§ **EXERCISE DESCRIPTION**
Without any of the pictures, transcribe all the lines below exactly.

§ **RECORDED INFORMATION**

╭──

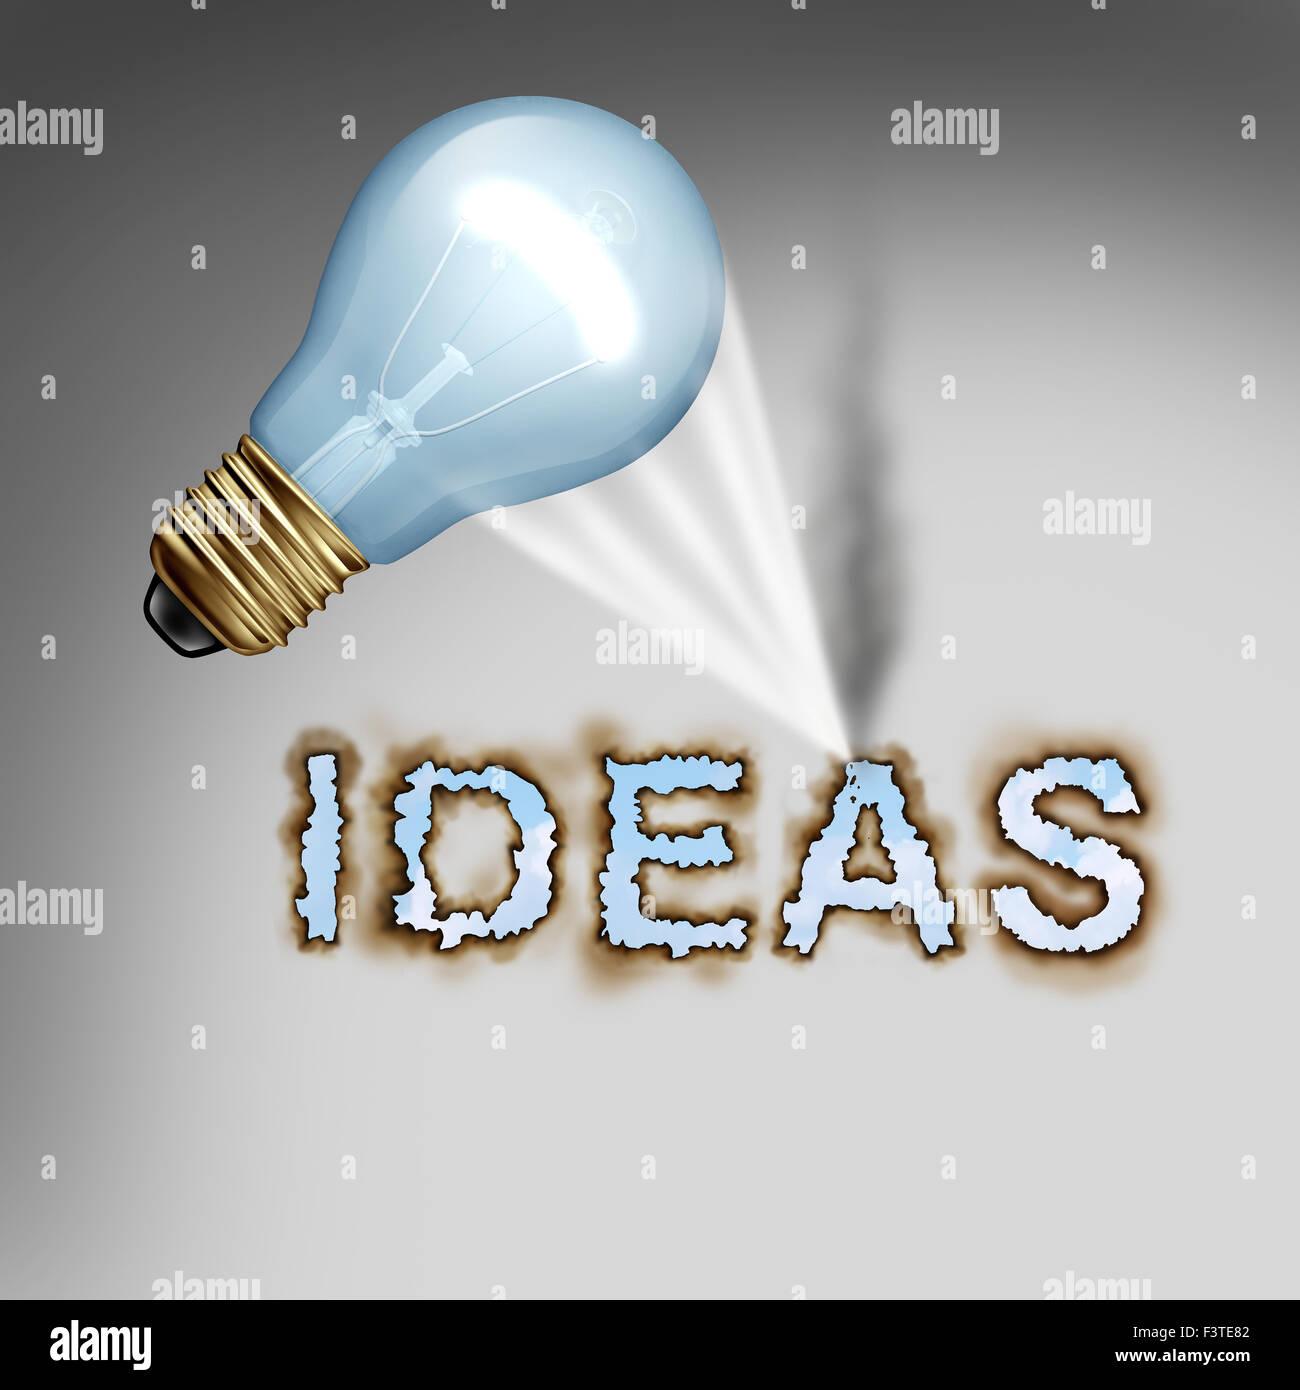 Idee Konzept kreative Symbol mit einer Glühbirne, die brennenden Buchstaben als Metapher für die Energie Stockbild
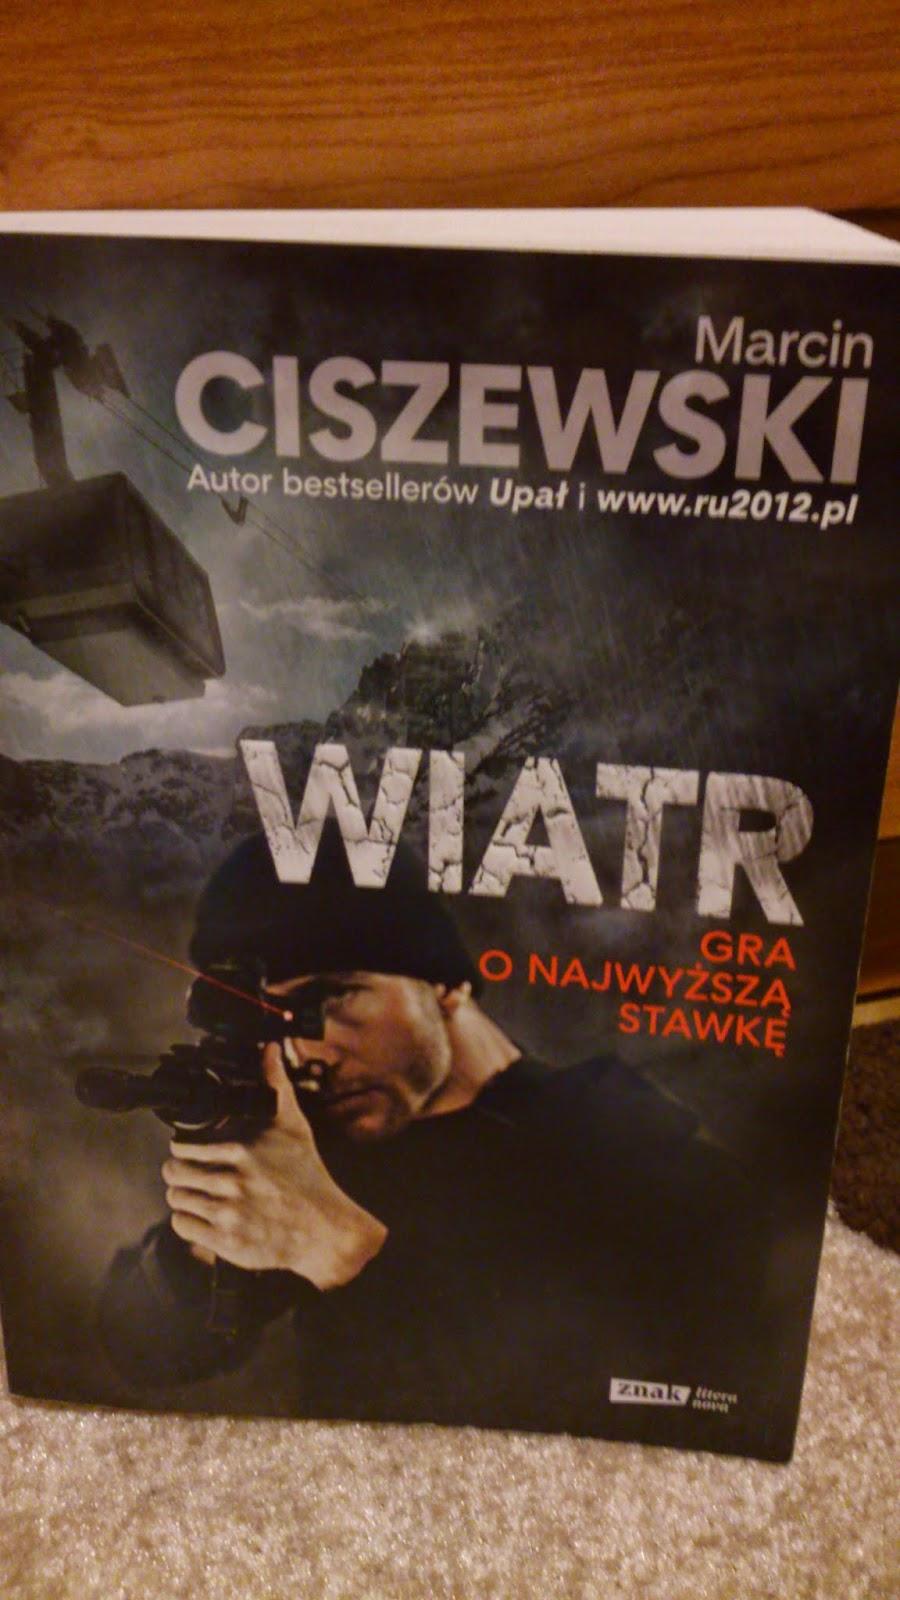 Recenzja SPOILerowa: Wiatr, M. Ciszewski
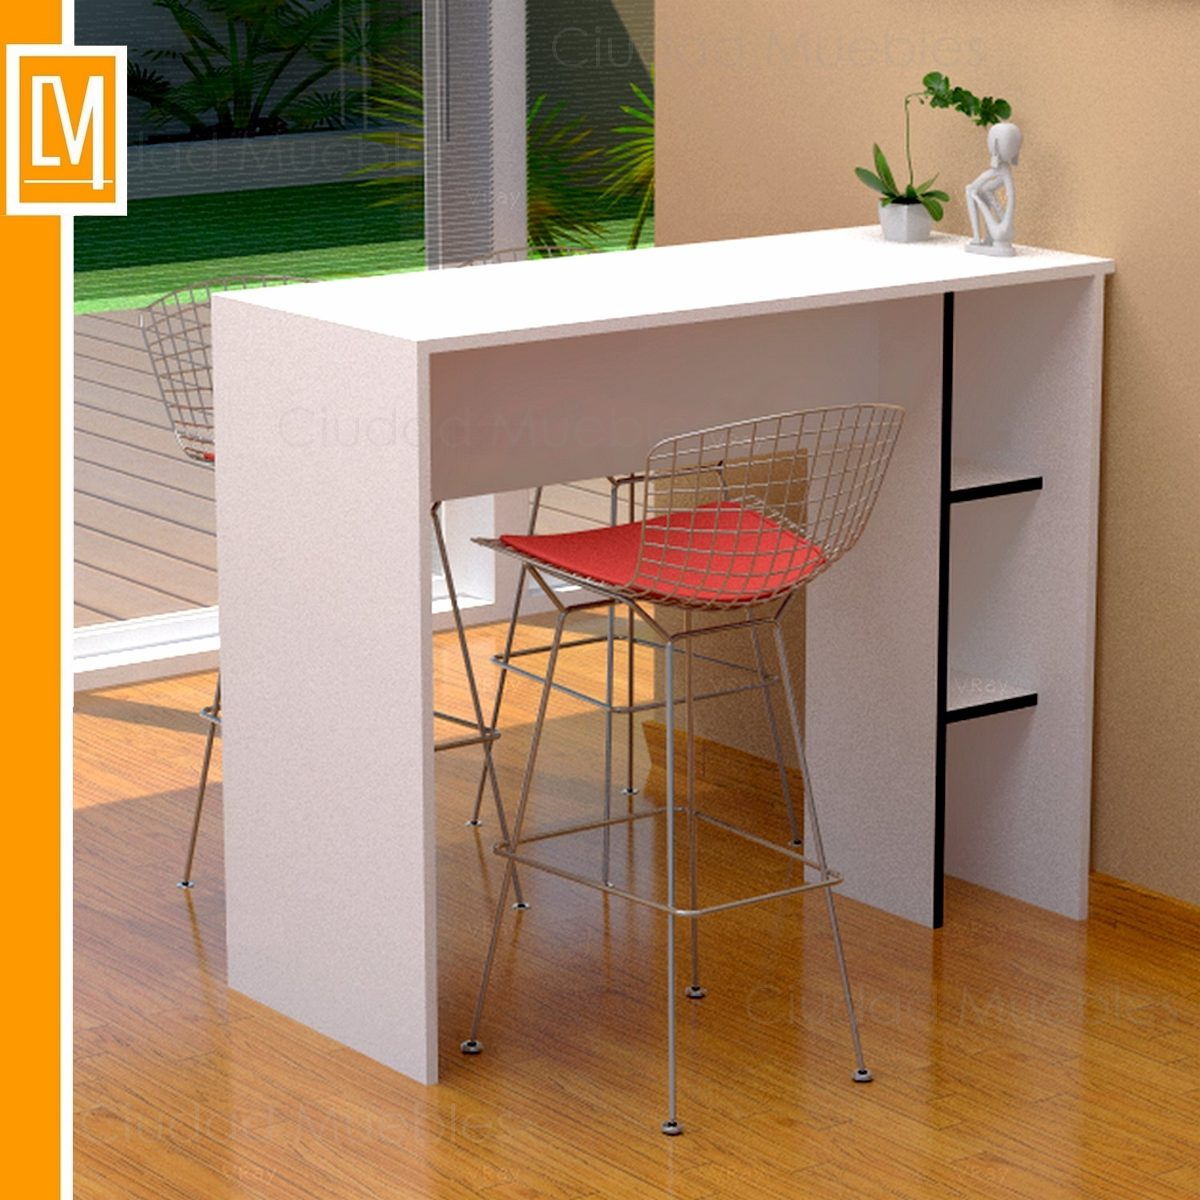 Barra cocina barra desayunador mueble de cocina cm de for Mueble barra cocina
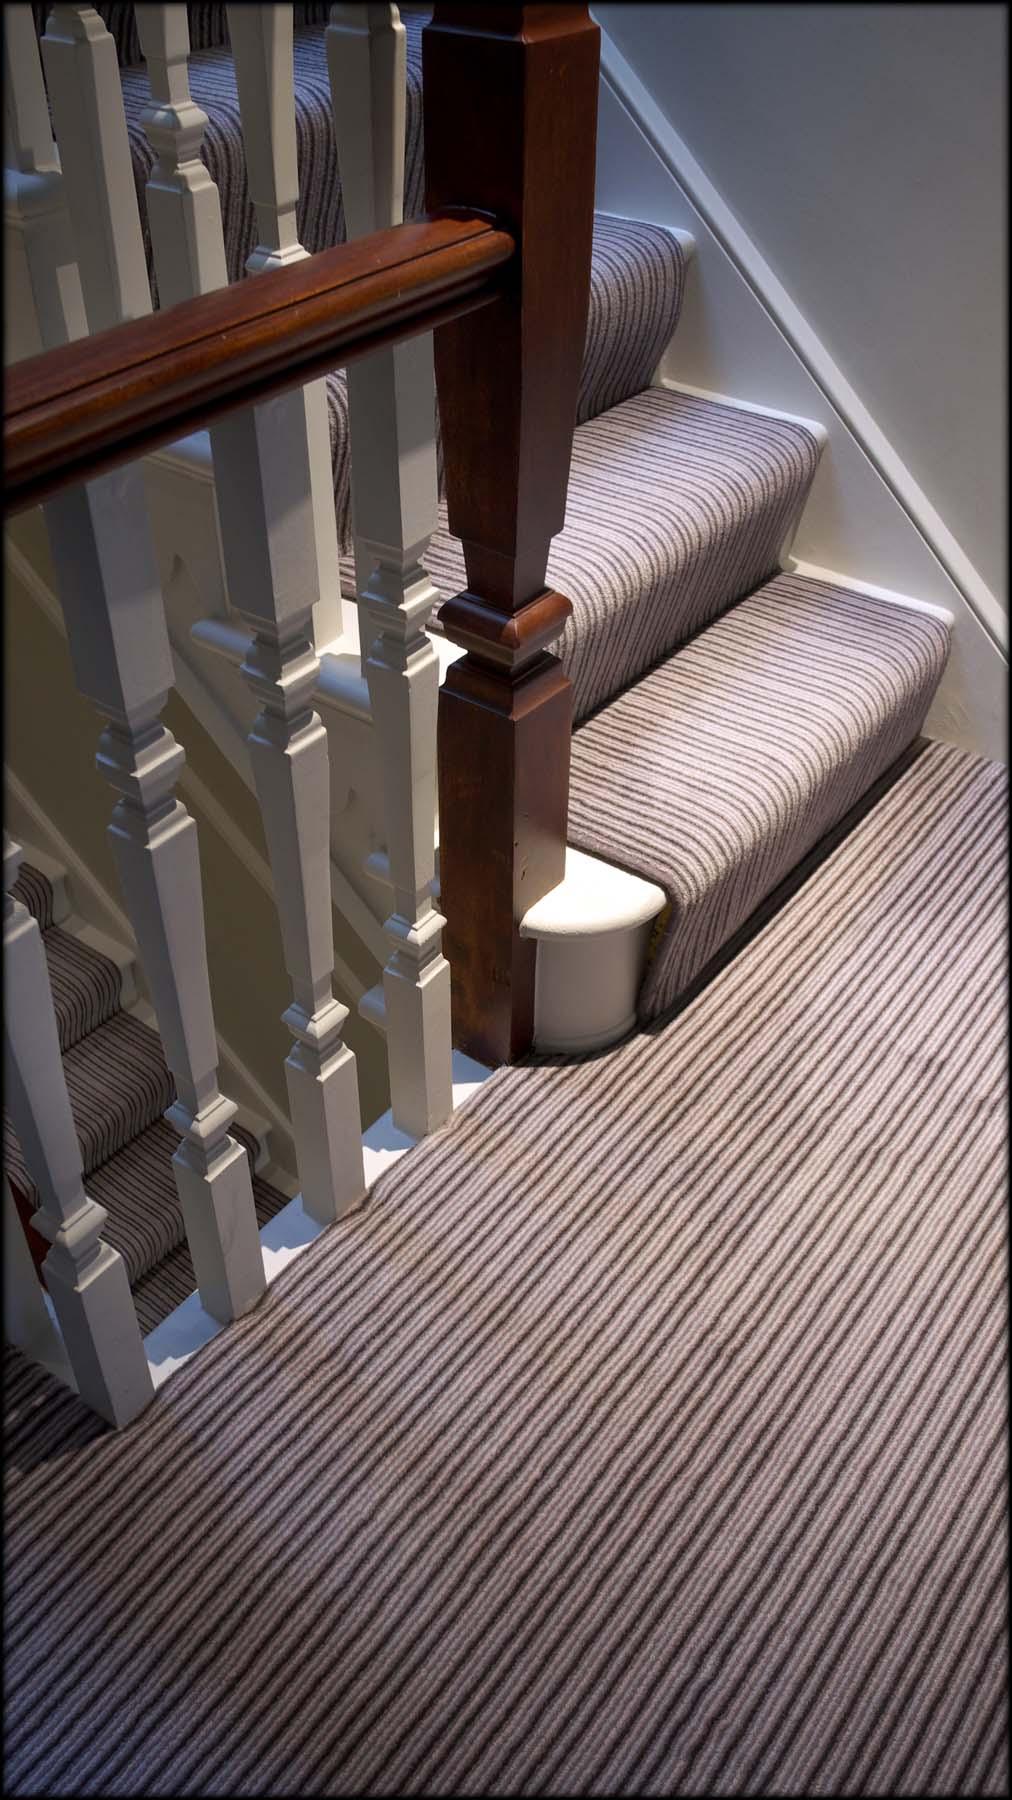 14.stairs.jpg

╰──

§ **RESPONSE FOR THIS EXERCISE**
 Idee Konzept kreative Symbol mit einer Glühbirne, die brennenden Buchstaben als Metapher für die Energie Stockbild
 Recenzja SPOILerowa: Wiatr, M. Ciszewski
 Barra cocina barra desayunador mueble de cocina cm de for Mueble barra cocina
 14.stairs.jpg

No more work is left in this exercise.